Director: Fil Freitas
Genre: Comedy, Drama
Run Time: 105′
Sheffield Film Festival Screening: August 7, 2025
U.K. Release: August 22, 2025
U.S. Release: TBA
Where to Watch: In U.K. cinemas
For those perhaps unaware, the Prince Charles Cinema is a famed repertory cinema located in the heart of Leicester Square, London. And it has become clear in recent months how vital and beloved this eclectic space has become. When the cinema announced in January that its future was under threat due to a dispute with its landlords (a threat that – at the time of writing – hasn’t been resolved), it led to a huge outcry.
An online petition to save it has racked up more than 150,000 signatures, whilst Christopher Nolan, Paul Mescal and others have lent their support. This genuine love for the Prince Charles, one of the few independent cinemas left in an increasingly gentrified city, is undoubtedly clear.
That can also be seen in the new film The Regulars, from writer-director-star Fil Freitas, a film school graduate turned usher turned manager at the Prince Charles. He takes that background into his first feature, which is set across one day (March 7, 2019, to be precise) and features the cinema heavily.
The film follows a normal day at the Prince Charles and the people who work there, particularly Fil (Freitas). His day starts with him being late for work, then being trapped in his flat because of an oven outside his front door. Once Fil arrives, he has to navigate a double shift full of dead rats, annoying customers and The Sound of Music sing-a-longs. Luckily, he isn’t alone. His girlfriend Dusty (Dusty Keeney) has a shift later and is waiting for news about a promotion. Also present are front-of-house staff Flavio (Sergio Barba) and Caroline (Lisa Marie Flowers), projectionist Dan (Kevin Johnson) and new employee Sophie (Bronte Appleby). They are all led by manager Sam (Ricardo Freitras), who himself has a boss in the more serious and professional Becca (Lauren Shotton).

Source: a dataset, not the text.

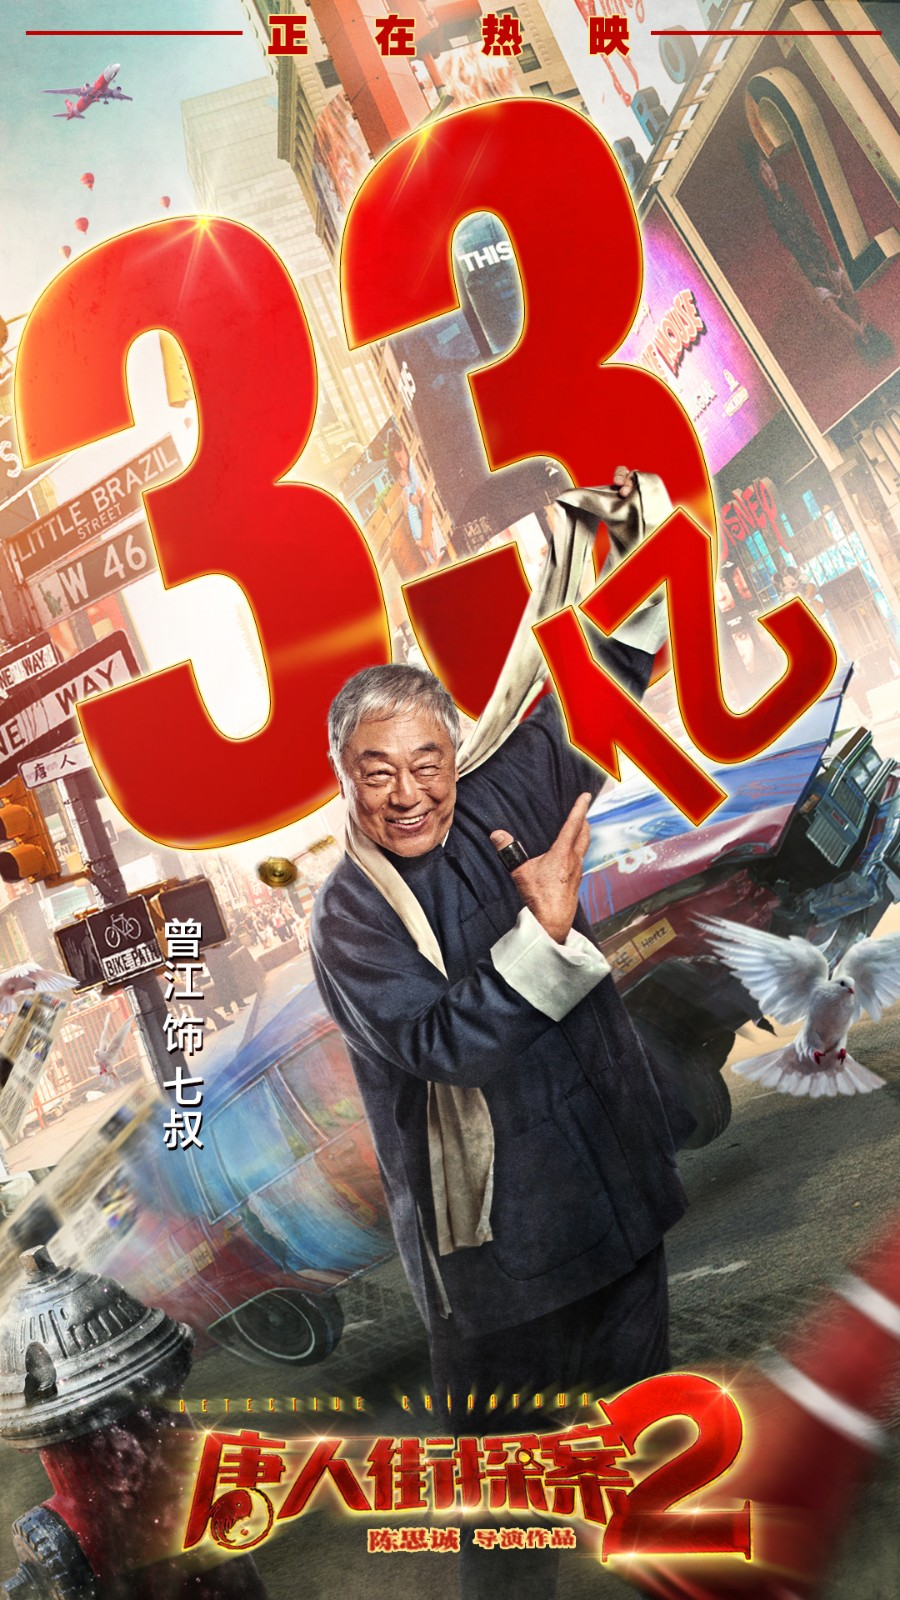 《唐人街探案2》票房破33亿 制片人:没人敢担保 只能自己保自己
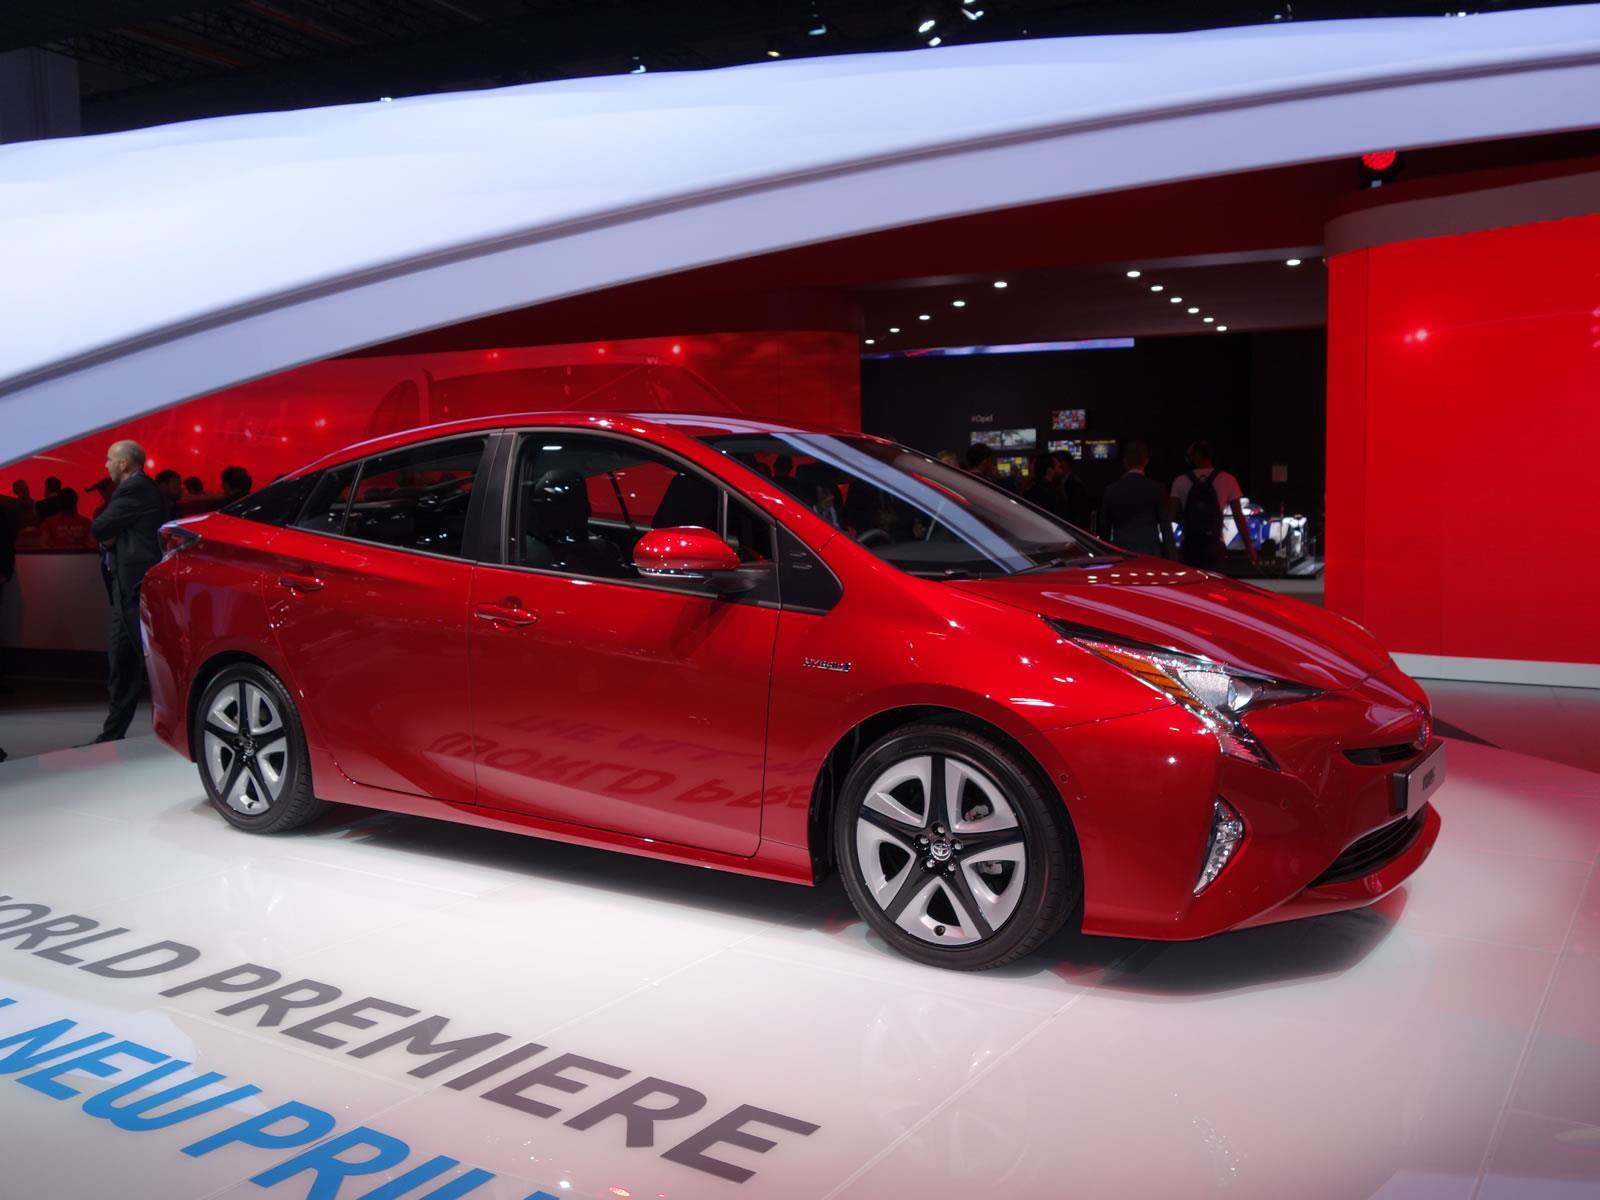 Toyota Prius 2016 Llega A Mexico Desde 339 700 Pesos Autocosmos Com

That is the simple premise of a workplace comedy drama based on the real-life experiences and stories from Prince Charles workers, with some of the main characters and patrons played by staff (“it’s not a documentary but it’s close enough,” Freitas says about the film on its website). All that provides an excellent sense of realism, which is one of The Regulars’ greatest strengths. That realism is demonstrated from the start, as the staff prepare to open up for the day. They top up the popcorn and test out the soda machines. Flavio and Caroline butt heads over who gets to watch the first movie of the day.
Then there is the monotonous waiting for customers, followed by interactions that turn out to be equally tedious. Fil and the other staff show contempt for the customers that is sometimes justified, as they can alternate between being indecisive and belligerent. Watching these scenes might make you agree with the film’s tagline that ‘the customer is always wrong.’ The lived-in feeling is emphasised by DP Ben Rolph (who’s also a film critic), who makes good use of tight corridors and rooms to capture the cramped milieu effortlessly. There is even a homage to the Goodfellas Copacabana one-shot as the camera winds down the stairs and through the crowd arriving for The Sound of Music.
The obvious influence here is Kevin Smith’s Clerks, and there are many similarities between it and The Regulars. Both are microbudget, black and white indie films (Freitas partly funded his through a crowdfunding campaign on Indiegogo). Both are shot in the places where the filmmaker worked for that extra realism. And crucially, both have a snarkiness and sardonicism that were present throughout Gen X cinema. In Freitas’ great script, those traits are found in deadpan deliveries, entertainingly snappy back-and-forths between the staff and postmodern rants on room-temperature water and Kylo Ren.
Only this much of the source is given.